STATE OF NEW JERSEY, PLAINTIFF-RESPONDENT,
v.
RONNELL DAVIS, DEFENDANT-APPELLANT.



On appeal from Superior Court of New Jersey, Law Division, Middlesex County, Indictment No. 05-12-01571.

Per curiam.

NOT FOR PUBLICATION WITHOUT THE APPROVAL OF THE APPELLATE DIVISION

Submitted March 11, 2009

Before Judges Rodríguez and Waugh.

Defendant Ronnell Davis appeals his conviction for attempted murder, unlawful possession of a weapon, and possession of a weapon for an unlawful purpose. Davis was sentenced to imprisonment for an aggregate of twenty-five years, subject to the eight-five percent parole ineligibility provisions of the No Early Release Act (NERA), N.J.S.A. 2C:43-7.2. We reverse and remand for a new trial.

I.

We discern the following facts and procedural history from the record.

A.

On October 29, 2004, at approximately 7:30 p.m., Dale Foat was shot twice; once in the head and once in the chest. As a result of the shooting, a portion of his left lung was removed.

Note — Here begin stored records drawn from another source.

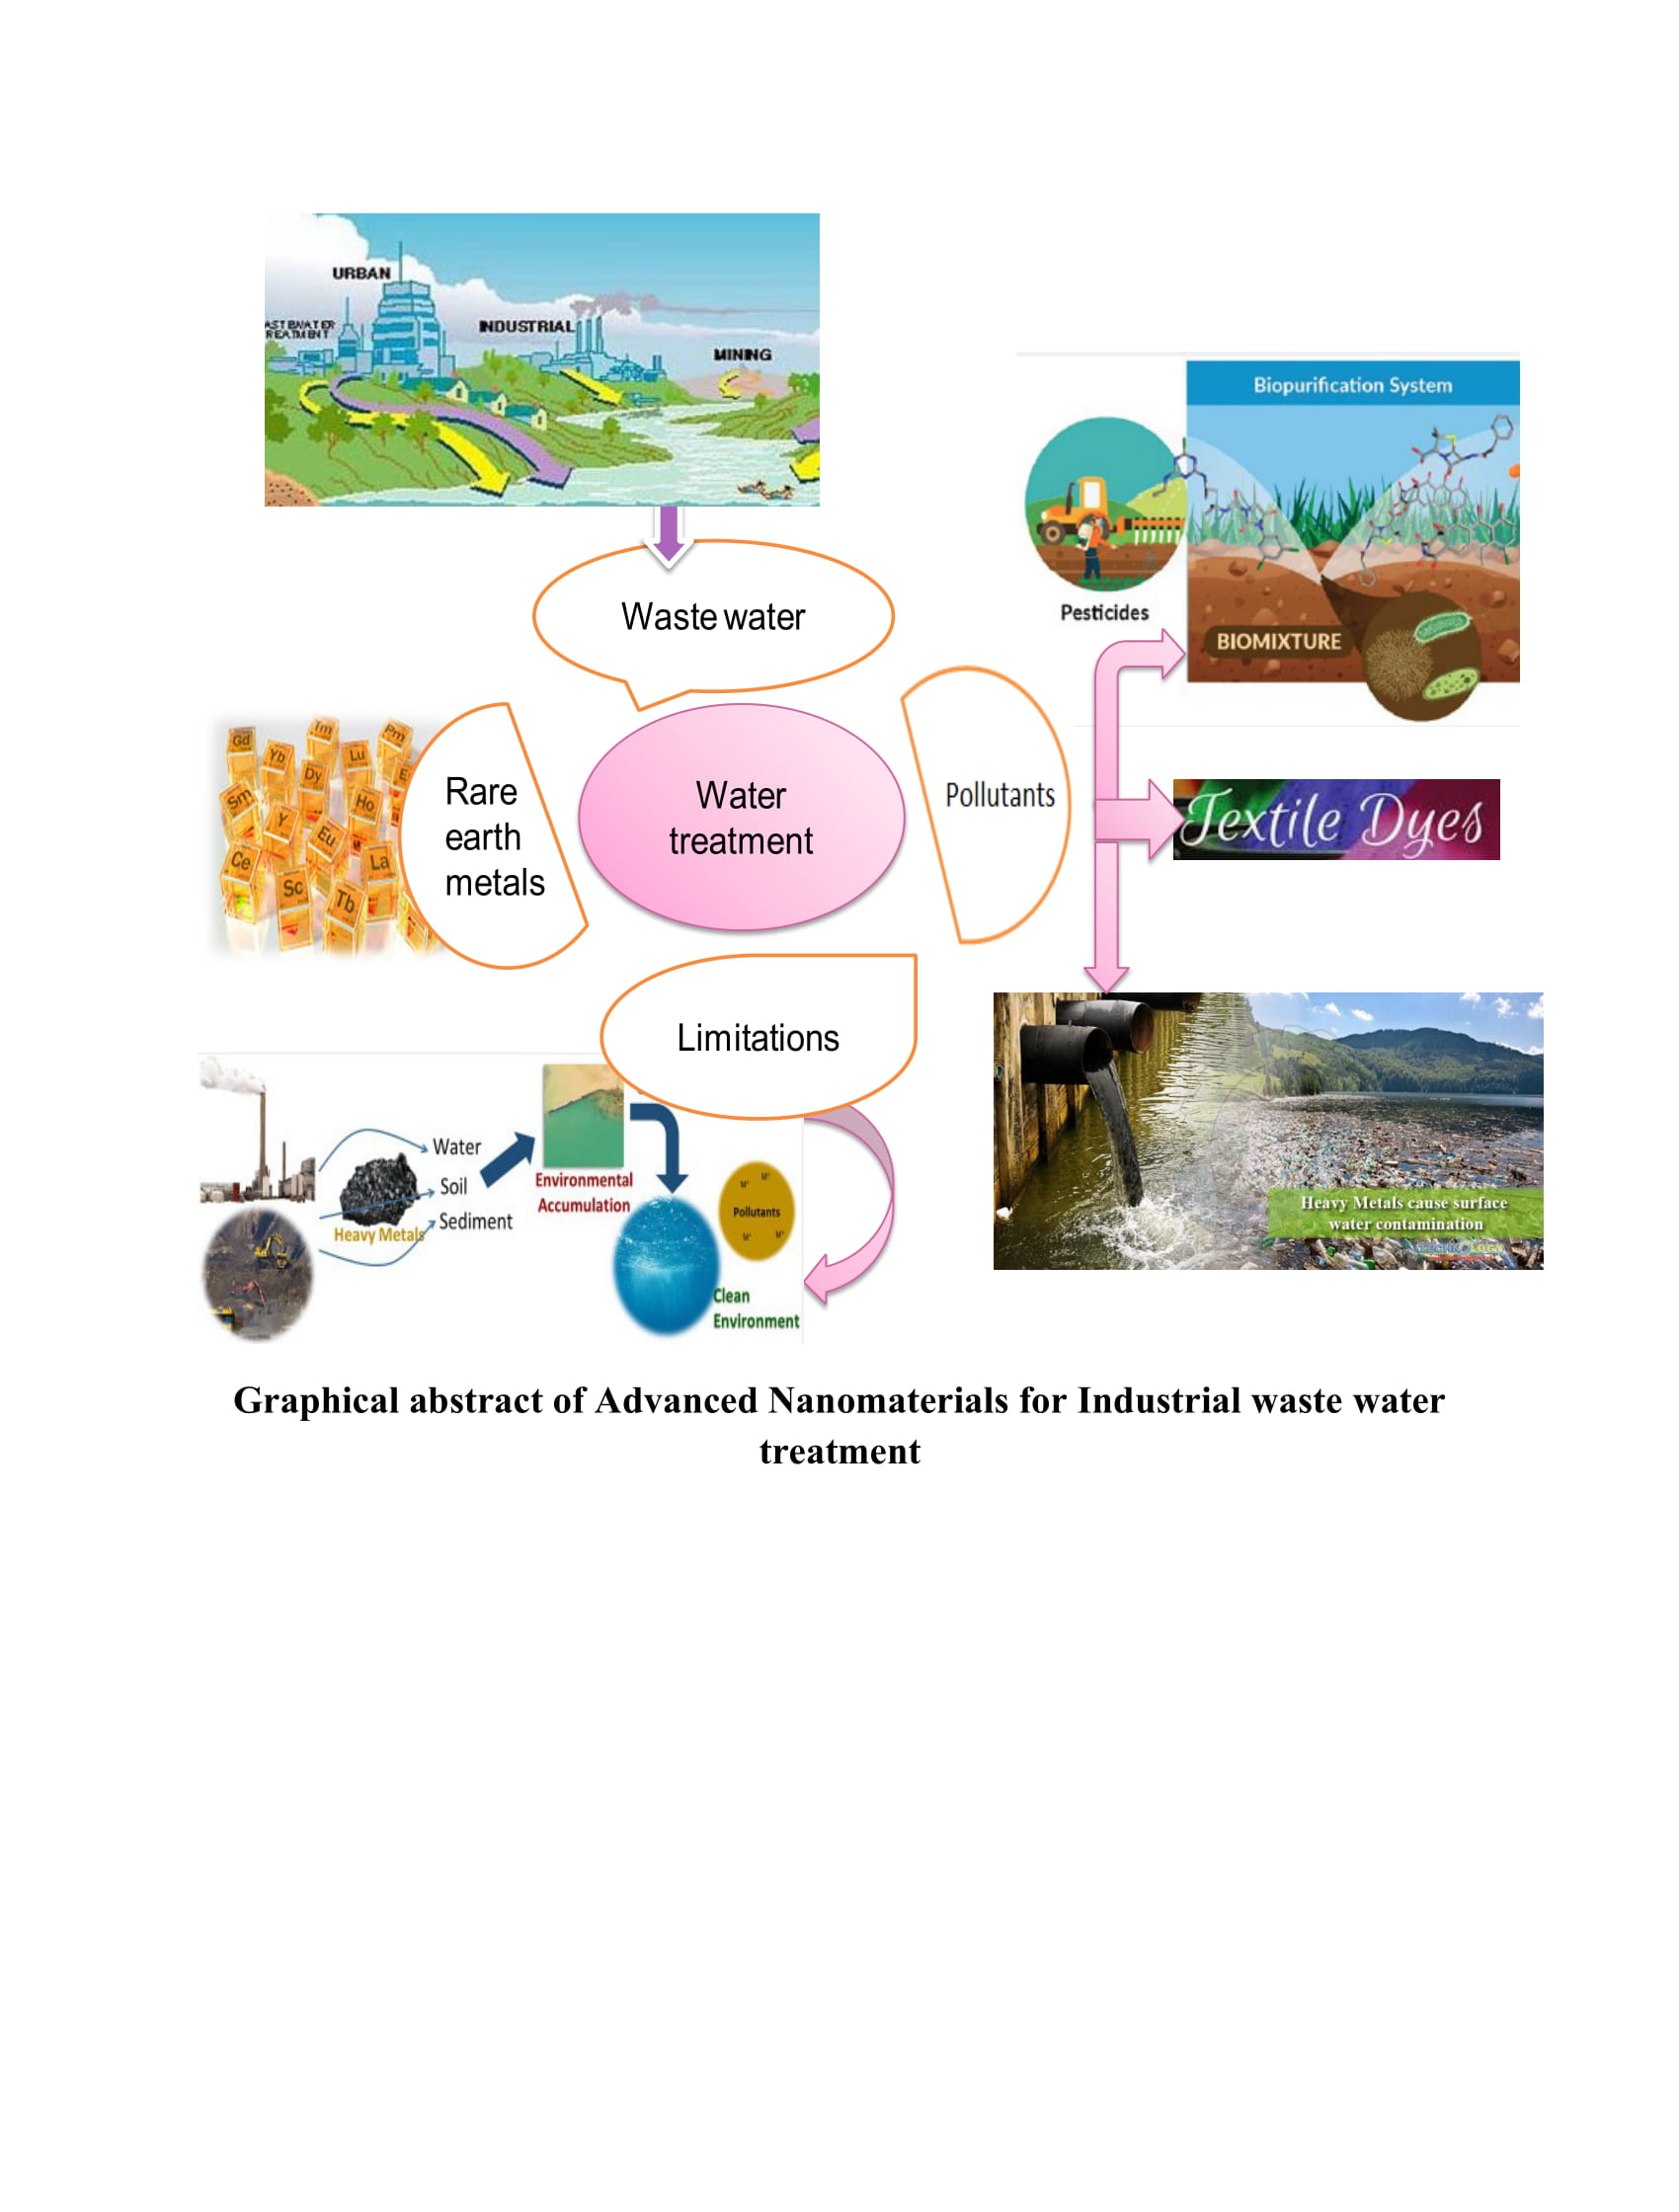 research paper on wastewater
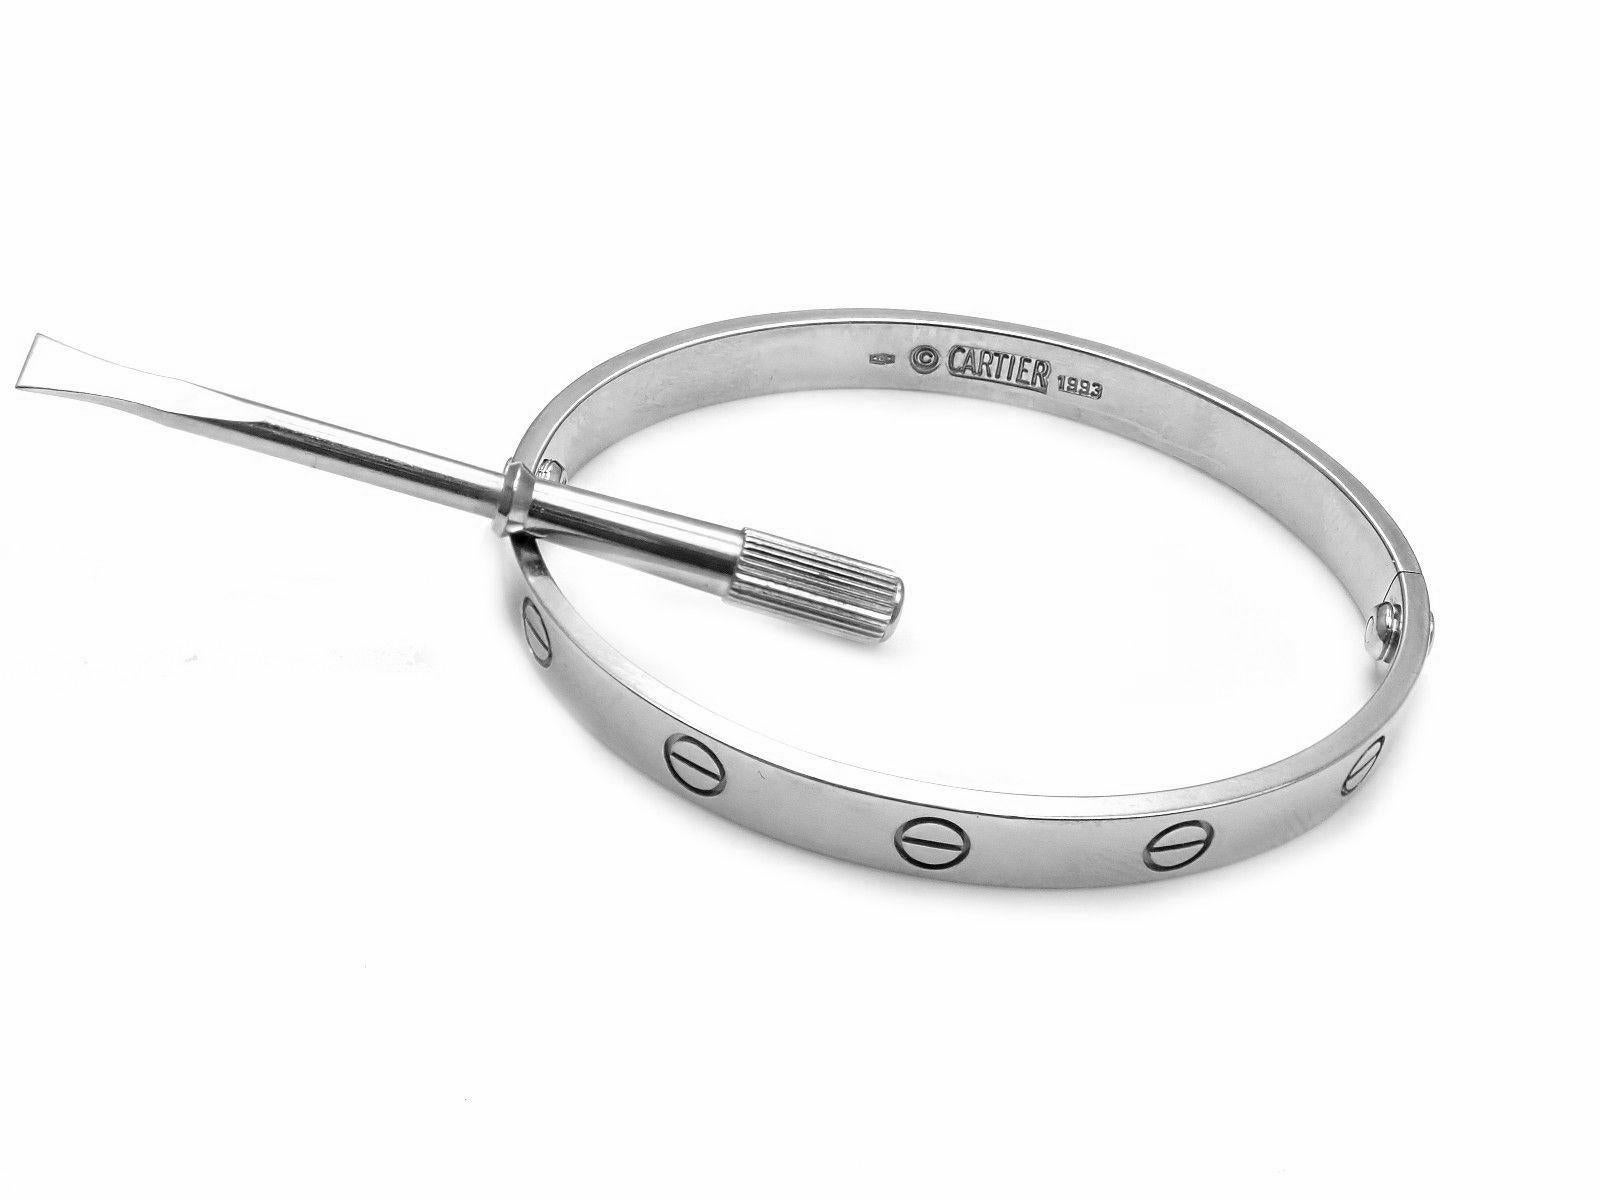 18k White Gold Love Bangle Bracelet by Cartier. Size 17. 
This bracelet comes with Cartier certificate, Cartier box and Cartier screwdriver.
Details: Size: 17 
Weight: 33.2 grams
Width: 6.5mm 
Hallmarks: Cartier 750 17 1993 135860
*Free Shipping

On October 30, 2004, Foat identified Davis as the shooter and Albert Snell as being involved in the shooting. After Foat was arrested on unrelated drug charges in November 2004 and released on bail, he recanted his identification, denying that Davis had any involvement in the shooting. He subsequently identified Snell as the shooter.

Davis was indicted on December 14, 2005, and charged with: first-degree attempted murder, N.J.S.A. 2C:5-1 and N.J.S.A. 2C:11-3(a)(1),(2) (count one); third-degree unlawful possession of a weapon, N.J.S.A. 2C:39-5(b) (count two); second-degree possession of a weapon for an unlawful purpose, N.J.S.A. 2C:39-4(a) (count three); and third-degree witness tampering, N.J.S.A. 2C:28-5(a) (count four). The fourth count related to allegations that Davis had caused Foat to recant his original identification of Davis as the shooter.

B.

The trial commenced on July 18, 2006. There was no forensic evidence tying Davis to the shooting and, as noted, Foat had recanted his statement that Davis shot him. The State presented testimony, including Foat's recorded statement under oath, that Davis shot Foat and that, when Foat was subsequently arrested on unrelated drug charges, Davis arranged for his bail to be posted in exchange for Foat recanting his story and implicating Snell in the shooting. The State called Foat and his bail bondsmen, Robert Ellison, as witnesses at trial, but neither witness implicated Davis in the shooting or supported the State's theory of his involvement in the posting of Foat's bail.

Foat had initially refused to appear as a witness at all, and it was suggested by the State that it would seek to have his sworn statement introduced pursuant to N.J.R.E. 804(a)(2) and (b)(1)(A).*fn1 Ultimately, Foat did appear as a witness, repudiated his earlier statement to the effect that he was shot by Davis, and testified that Snell shot him. The audiotape of the statement implicating Davis was played for the jury pursuant to N.J.R.E. 613 and 803(a).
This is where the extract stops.